そして、Z1誕生から実に12年ぶりに、その第2世代として登場したのが GPZ900Rである。水冷4バルブが採用されてはいるが、エンジンレイアウトは依然として並列4気筒。排気量もZ1に近い908cc。これがZ1の12年後の解答である。そして開発チームリーダーは、Z1と同じ稲村暁一技術部長……。
V型6気筒、並列6気筒、シャフトドライブも検討された
「Vもやったし、6気筒も、2バルブも、空冷も、いろいろやりまして、しかし結論はこの形なんですわ」(稲村)
Zシリーズも完成した1978年ごろ、次期モデルとしては、V6までのあらゆるエンジンが検討されていた。縦置きクランクのVツインも、モックアップまで進んでいる。しかしこれはトルク反力や、シャフトドライブがライディング上の問題となり、スーパースポーツとしては成立しないと判断される。
「それからやったのが並列6気筒。諸悪の根源である振動の低減はどうしても達成せないかんというわけでして」
1979年5月ごろから6気筒の開発が始まる。空冷並列6気筒DOHC2バルブエンジンを搭載した試作車が走り始めたのは同年11月。排気量は750へのスケールダウンを想定し、900ccだった。エンジン幅はホンダCBX1000の6気筒より、100mmほど狭く仕上げられていた。

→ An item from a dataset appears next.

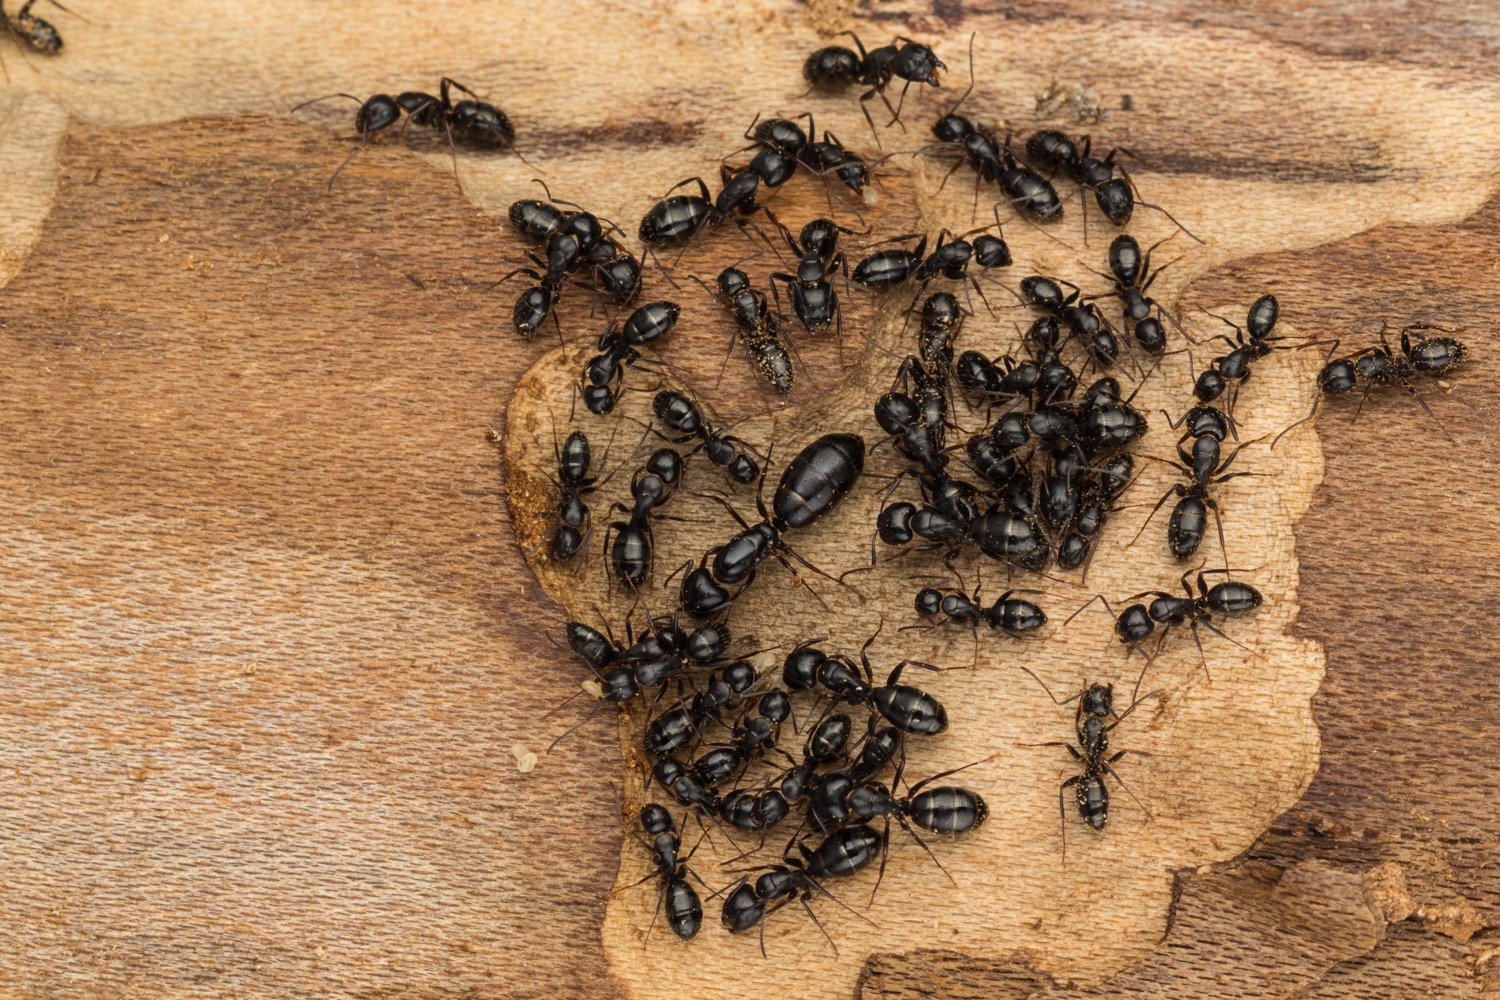 Expert Ant Control Services in Orchard Park, NY

しかし走らせてみると、「ものすごくスムーズでバイクらしさいうんか、パンチがなかった」というもの。これをなんとかモノにしようと開発が進められ、試作車は10台ほど造られている。なかにはツインプラグ(6気筒だから12プラグ!)もあった。出力は100ps程度をマークしていた。だが、やはり「スムーズすぎて面白くない」。それに当時は、4輪の世界でも6気筒をやめて4気筒へ、それで燃費をよくしよう、という方向へ移行していった時代でもあった。
メカロスの多い6気筒より「4気筒でもっとほかになにかやることがあるんでは?」という考え方に変わってくる。4気筒でなんとか振動を低減させようと、「まずやったことは変形クランク」だった。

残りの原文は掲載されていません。